When a beekeeper gets really confident, he or she can start to learn about breeding bees, and taking queen eggs and placing them in other hives, where they can be drawn into new queen cells by the workers there.
Robert explains that it is often the uncertainty of breeding that attracts some people to the practice.
“For example, we have an elderly member who has bred pigs, cows, and sheep all his life, and was the managing director of a salmon farm, but he finds breeding bees almost impossible, because you can’t control one half of the mating stream (i.e the drones, which gather from hives all over the country, and as such, can be unpredictable in their character).
I smile at the implication of ‘wild drones’, but the men assure me that bees can become enraged in seconds, for no apparent reason, other than, like their human handlers, one supposes, they’re just having ‘an off day.’ They’re also particularly irritated by strong smells like alcohol, perfume and aftershave.
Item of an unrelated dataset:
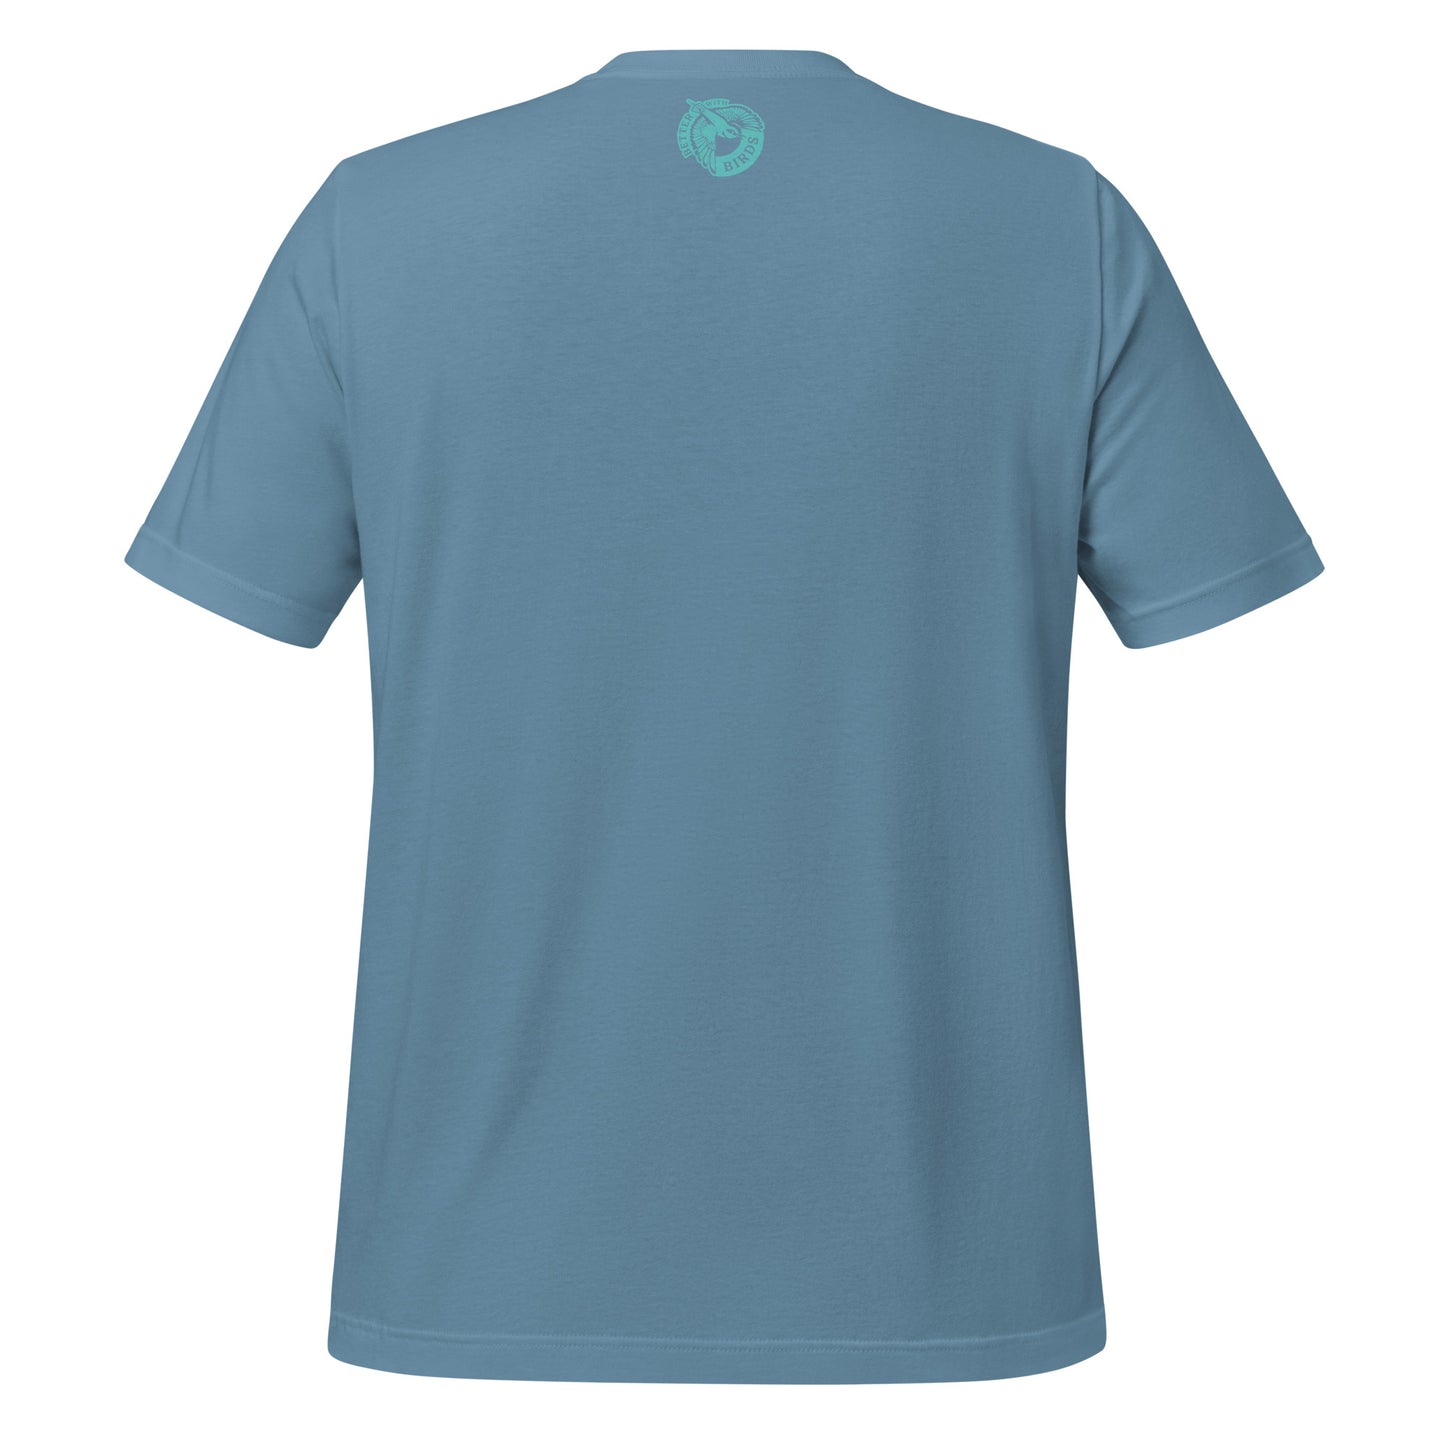 Atlantic Puffins Lightweight Cotton Unisex T-Shirt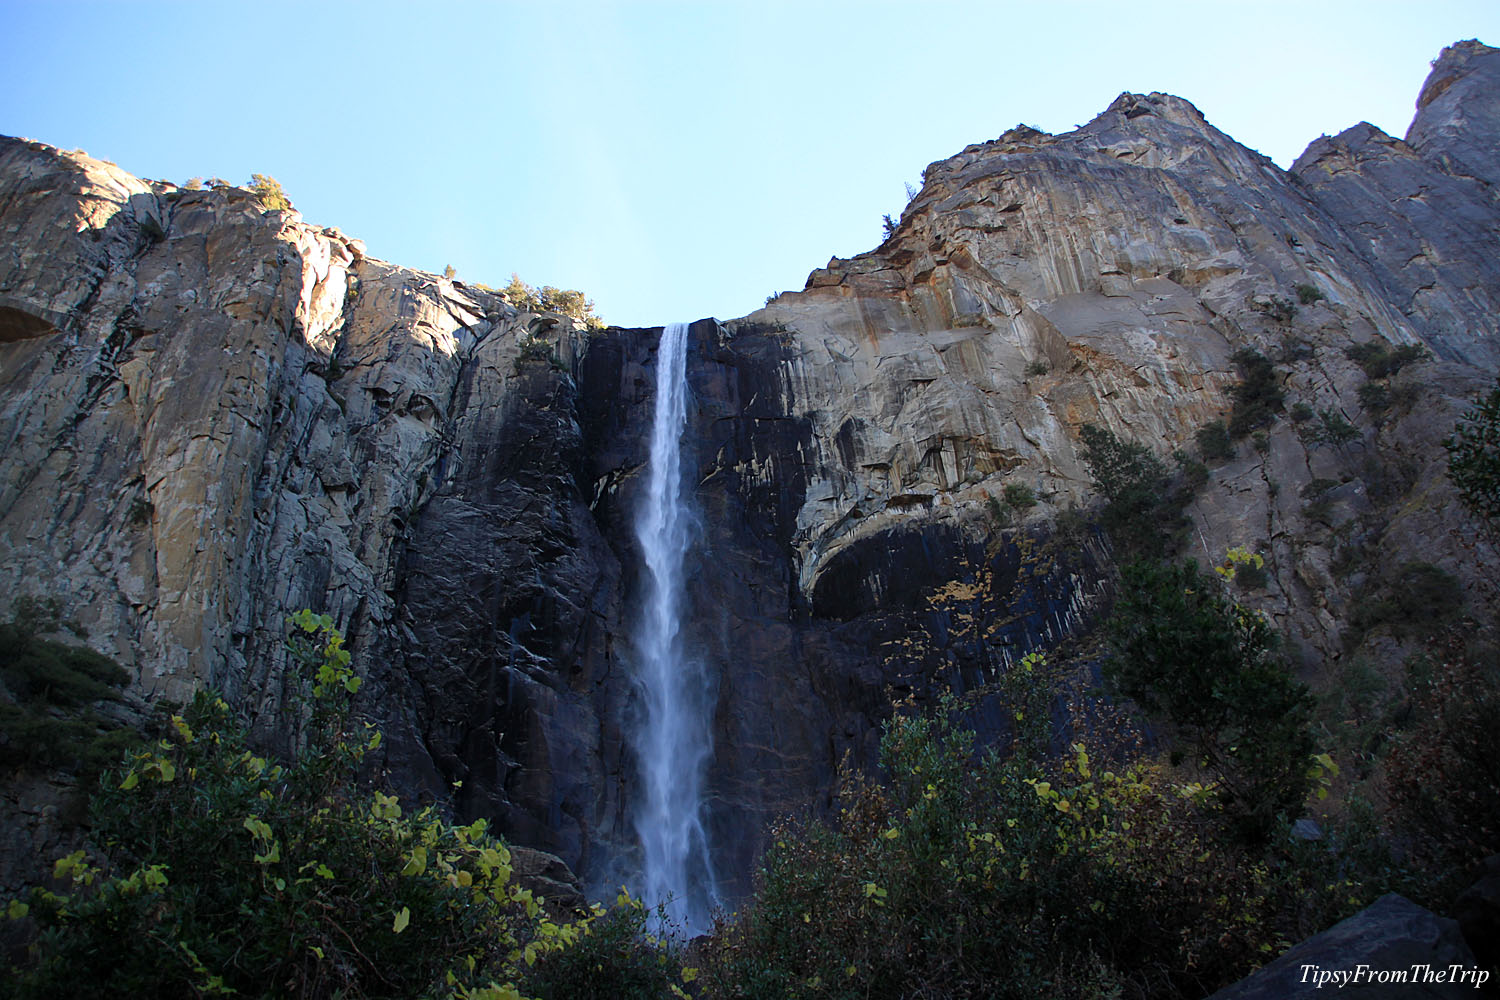 Bridal Veil Fall from Yosemite Valley

And it is learning to accept that, and handle the bees both safely and confidently, that the beekeeping courses will teach you, adds Patrick.
He tells us about one young man who felt demoralised because he had been getting stung by his angry hive, and as a result felt afraid of them.
Patrick mentored him, and when he saw that he was doing exactly all he should be, his confidence came back as he saw for himself he wasn’t doing anything wrong.
“One of the things you have to learn is when to close up the hive for a while if the bees are cross.
“Beginners are given this kind of training as well as it cane be easy for them to get demoralised.”